(MATERIAL PROVIDED)

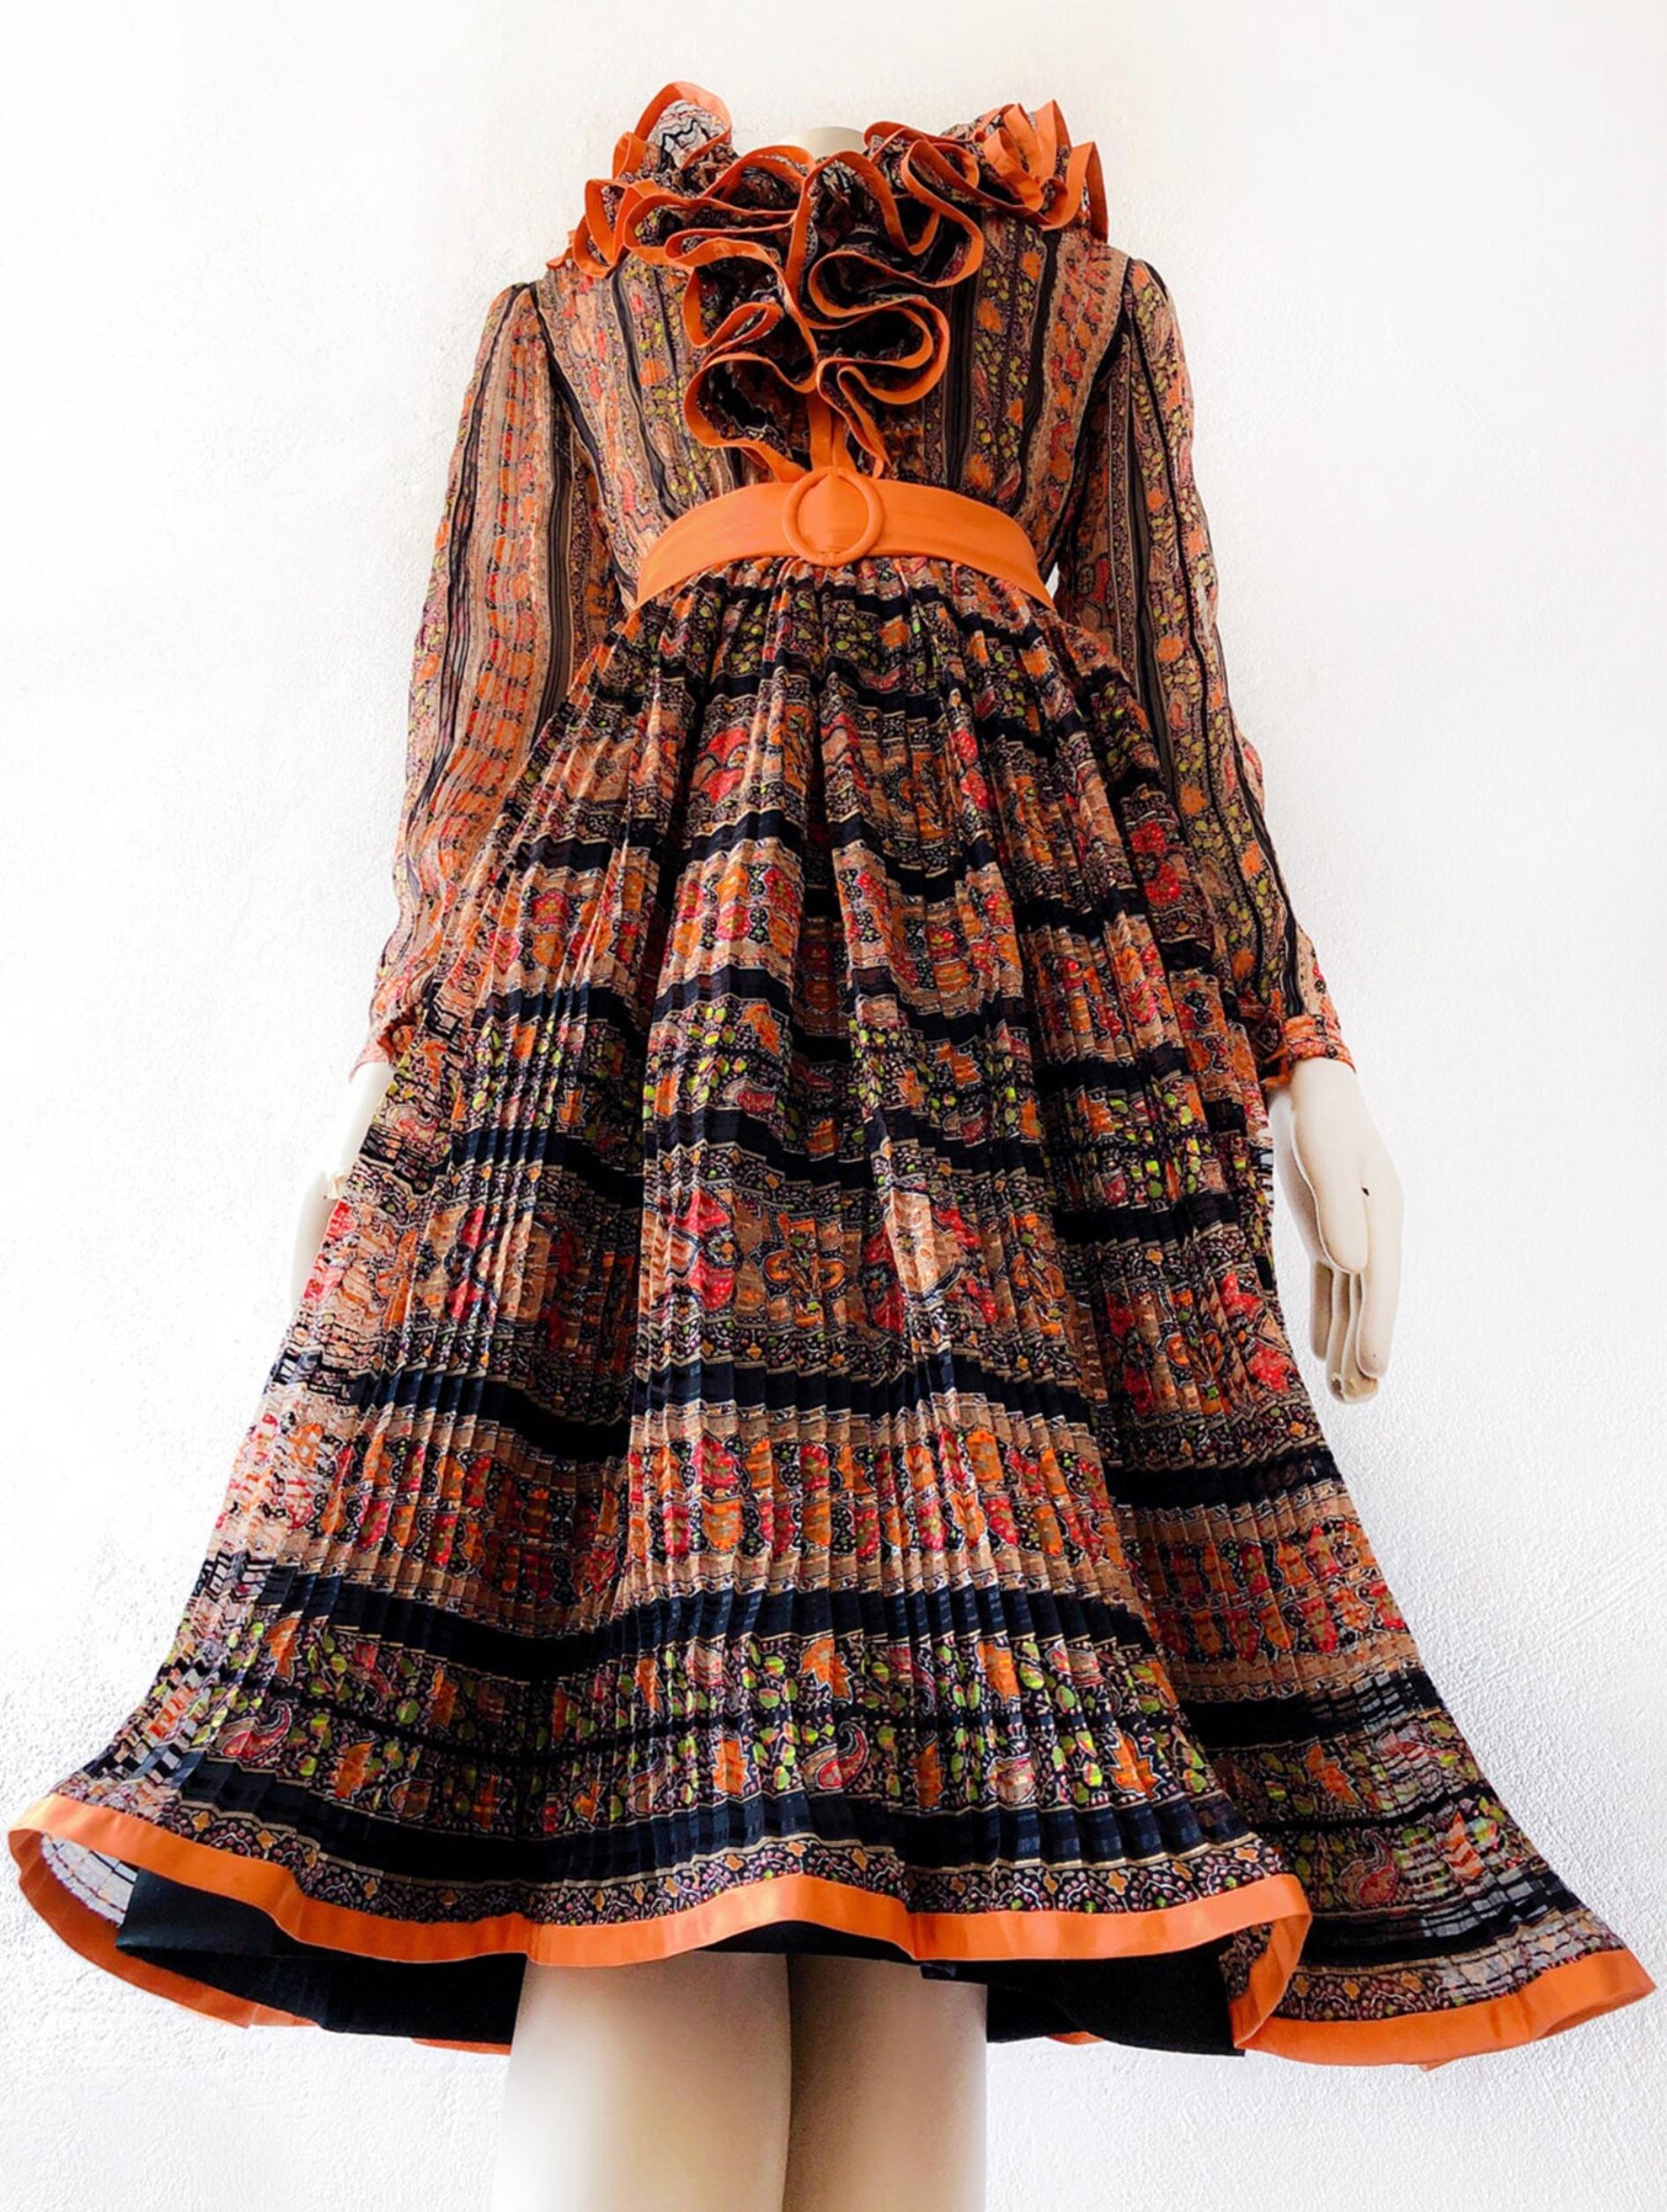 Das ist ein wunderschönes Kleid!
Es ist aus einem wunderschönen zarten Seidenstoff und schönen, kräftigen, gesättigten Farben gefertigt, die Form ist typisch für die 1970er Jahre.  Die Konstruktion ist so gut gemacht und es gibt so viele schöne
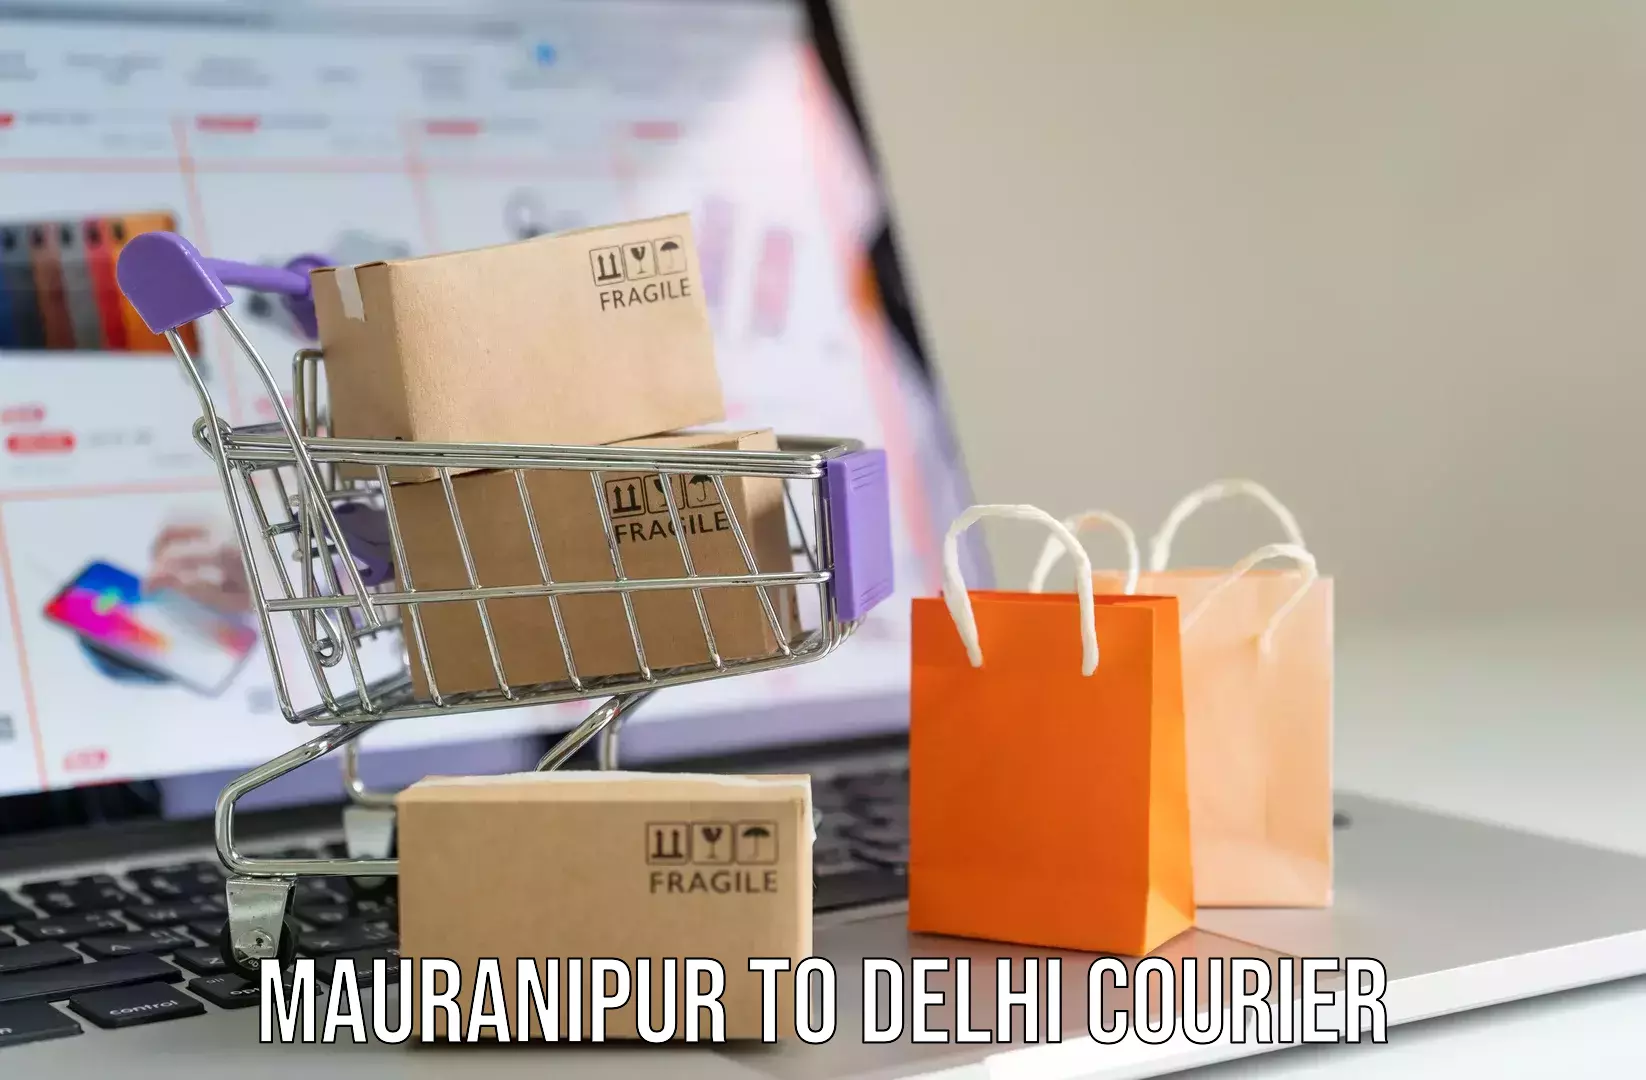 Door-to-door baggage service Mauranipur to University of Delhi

(End MATERIAL PROVIDED)

> **TO DO**:
Every line from the one containing "Es ist aus einem" through the end of the listing is to be copied exactly; the pictures are not.

> **ANSWER BELOW**:
Es ist aus einem wunderschönen zarten Seidenstoff und schönen, kräftigen, gesättigten Farben gefertigt, die Form ist typisch für die 1970er Jahre.  Die Konstruktion ist so gut gemacht und es gibt so viele schöne
 Door-to-door baggage service Mauranipur to University of Delhi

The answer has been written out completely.